= Marie Tulip =

Australian feminist (1935–2015)

Marie Tulip (12 March 1935 – 19 September 2015) was an Australian feminist writer, academic and proponent for the ordination of women as priests.

== Early and family life ==
Born Marie Grant in Mackay, Queensland to parents Robert and Elspeth Grant, Tulip attended a Presbyterian church as a child. Tulip attended boarding school in Brisbane and later, having received a scholarship, attended the University of Queensland where she studied Arts and achieved an Honours degree in French. As an undergraduate, she participated in Australian Student Christian Movement gatherings with, among others, James (Jim) Tulip (who became Associate Professor of English and Lecturer in Divinity at the University of Sydney). They married in Chicago in 1957. They had four children and, by the time of her death in 2015, five grandchildren.

== Career ==
In Chicago, Tulip undertook a Master's degree at Northwestern University while also teaching at Roosevelt University. Upon her return to Australia, Tulip tutored in the French Department at the University of Sydney and, after a year, transferred to Macquarie University where she produced a series of publications, Outreach Texts, in relation to the University's newly-formed Teaching English as a Second Language course. She went on to teach courses in feminism and religion and published work in these fields.

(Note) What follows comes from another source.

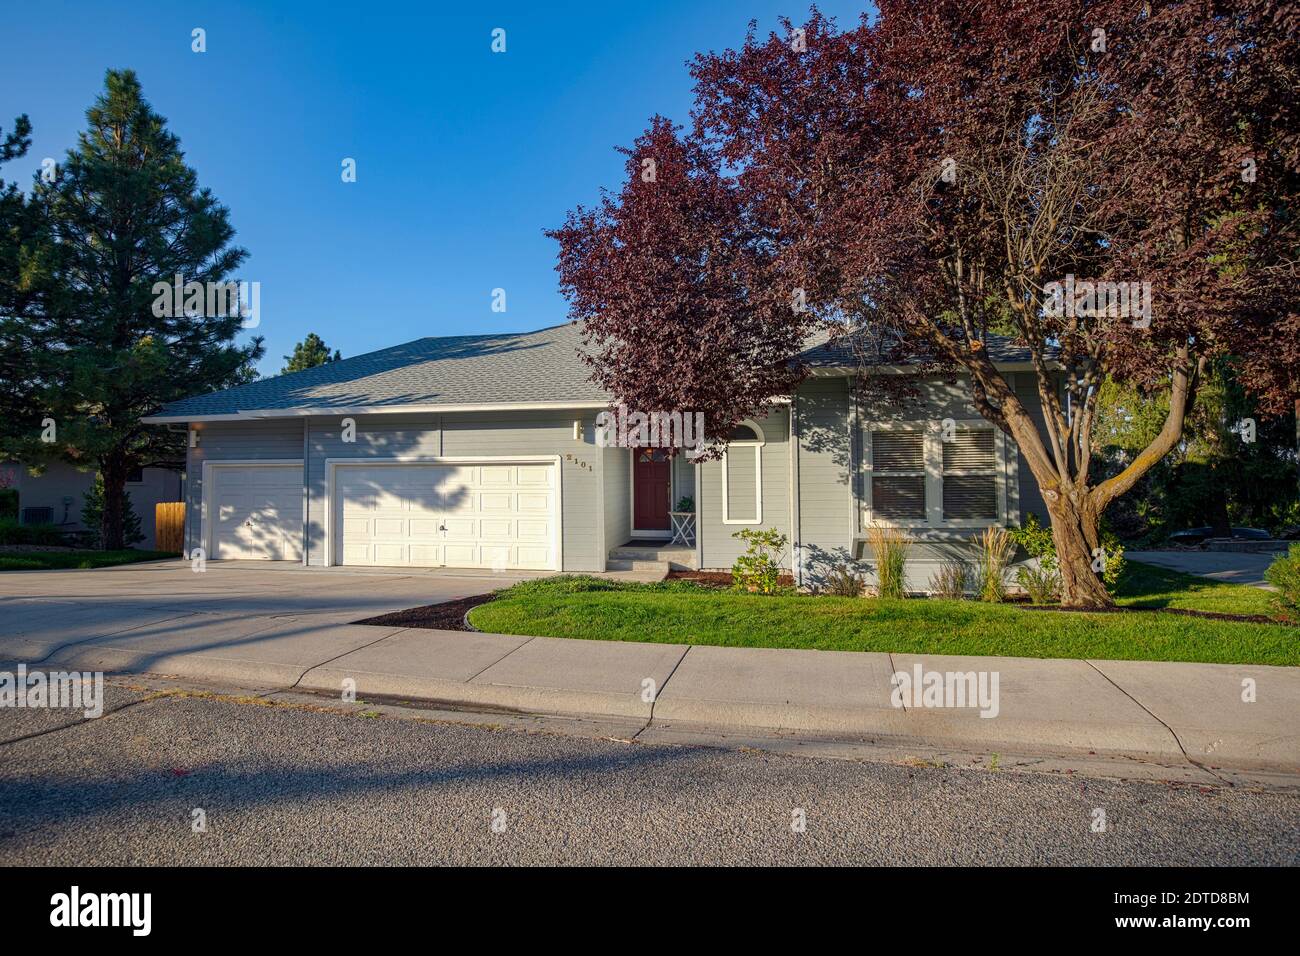 USA, Idaho, Boise, Exterior of single family home on sunny morning Stock Photo

In 1968, Tulip was a founder of Christian Women Concerned, the first explicitly religious feminist organisation to emerge in Australia. The group published Magdalene, of which Tulip was the editor.

In 1973, Tulip was appointed co-ordinator of the Australian Council of Churches (now the National Council of Churches in Australia) Commission on the Status of Women, an initiative of Jean Skuse. She was also a member of the National Women's Consultative Council, established in 1984.

Tulip's book Knowing otherwise: feminism, women & religion, was co-authored with Erin White and published in 1991. One reviewer, Margaret Heagney described the work as “a vital contribution to feminist scholarship in Australia”.

== Select publications ==

- Tulip, Marie (1999). "Hut Poems: 1978–1998"
- Tulip, Marie (1975). "Liberation theology and feminism"
- Tulip, Marie (1991). "Knowing Otherwise: Feminism, Women and Religion"
- Tulip, Marie (2004). "Seven generations of a Queensland family: a memoir"
- Tulip, Marie (1983). "Women in a Man's Church: Changes in the Status of Women in the Uniting Church in Australia, 1977–1983"

=== Articles ===

- Tulip, Marie (1987). "Dimensions of Feminist Theology in Australia" JSTOR University of Divinity Digital Collections, Mannix Library.
- Tulip, Marie (1989). "Women's Spirituality" JSTOR University of Divinity Digital Collections, Mannix Library.
- Tulip, Marie (1991). "Feminism and the Bible" JSTOR University of Divinity Digital Collections, Mannix Library.